STUDENT STORIES
Finding Sufficiency in Grace
Commencement Talk by Rebecca Li ’24, B.A., English
Grace and peace to you all,
The beauty of life framed by Westmont College is so extravagant, it causes you to forget about the restless device in your pocket. This abundance resides in the sunset-soaked surf and the bougainvillea and pickleball matches and Psalm 23 and playing spicy Uno in Athens and missing your bus in London and studying in the KSC and kneeling in a little prayer chapel at 3 a.m.
The totality of these good and beautiful things is a little staggering. You eventually discover, one or three or seven semesters in, that you are, in fact, finite; you can’t hold it all, know it all, do it all.
But Scripture offers a response fragrant with grace to the glaring reality of all that we leave undone. I’d like to draw attention to our class verse, found in the book of Zechariah 4:6, “Then he said to me, ‘This is the word of the Lord to Zerubbabel: Not by might, nor by power, but by my Spirit, says the Lord of hosts.”
"But Scripture offers a response fragrant with grace to the glaring reality of all that we leave undone."
Unlike Zerubbabel, the class of 2024 hasn’t been busy rebuilding a temple, but sometimes the task at hand feels just as colossal. I know I’m not alone when I say that my time at Westmont stretched me more than I’d ever anticipated. This gaping chasm exists between who we are and who we’d like to be. We feel this dissonance so sharply — spiritually, academically, relationally, food-wise (as demonstrated by all the frozen Trader Joe’s meals crowding our kitchens). We mourn our lack of control over the hardship, illness, cruelty and unevenness within this fallen world.
Yet when we truly grasp our insufficiency, we can begin to receive the grace that suffices for us.

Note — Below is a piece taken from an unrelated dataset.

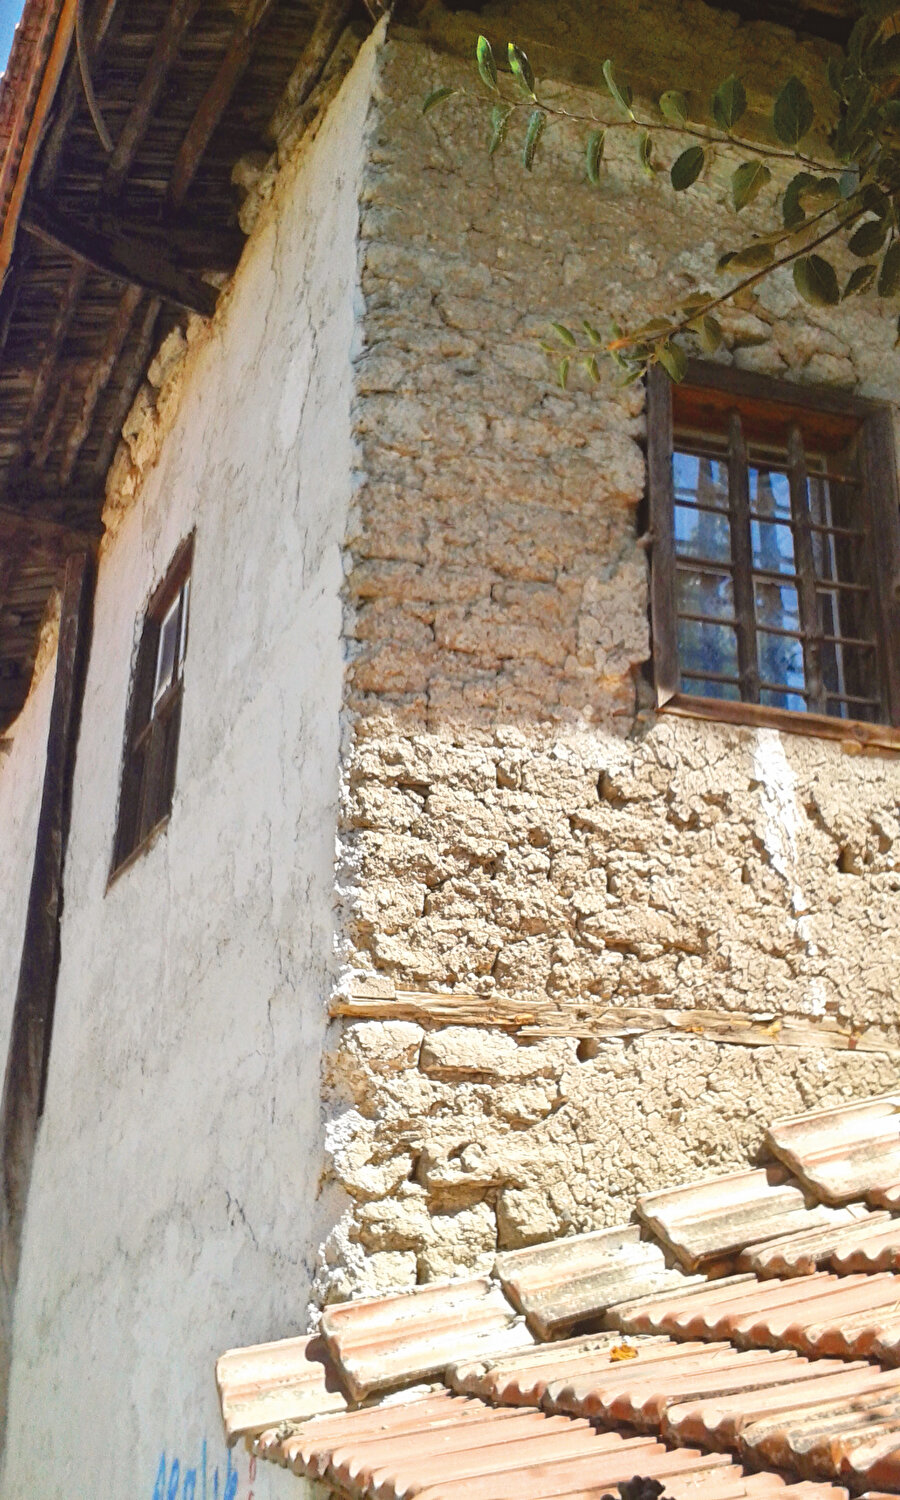 Merhumun hane-i saadeti, vazife yerinin hemen çaprazında. Kullanışlı ve zarif işçilikle bezeli bu mesken, sahibine yukarıdan bakmayan tipik bir Türk evi.

In the following verse, Zechariah names this grace not once but twice. The comfort of the Holy Spirit shows up in glorious, tangible ways: the friend sitting still with us in grief, the family waiting patiently for our call, the professor putting a thousand tasks on hold to cook us dinner, the humble splendor of Santa Barbara that never seems to fade. These are the tiny graces that slope toward the right side of the whiteboard, that bolster us from day one to day last. When we walk at His pace, we find that we have time to honor the Sabbath, to play, to inhale and exhale. But if we rely on our might, our power, we miss out on witnessing the Spirit break forth into the miraculous mundane. All this glory and honor and praise ultimately belongs to Him.
Thank you, Jesus.
“Not by might nor by power, but by my Spirit, says the Lord Almighty.”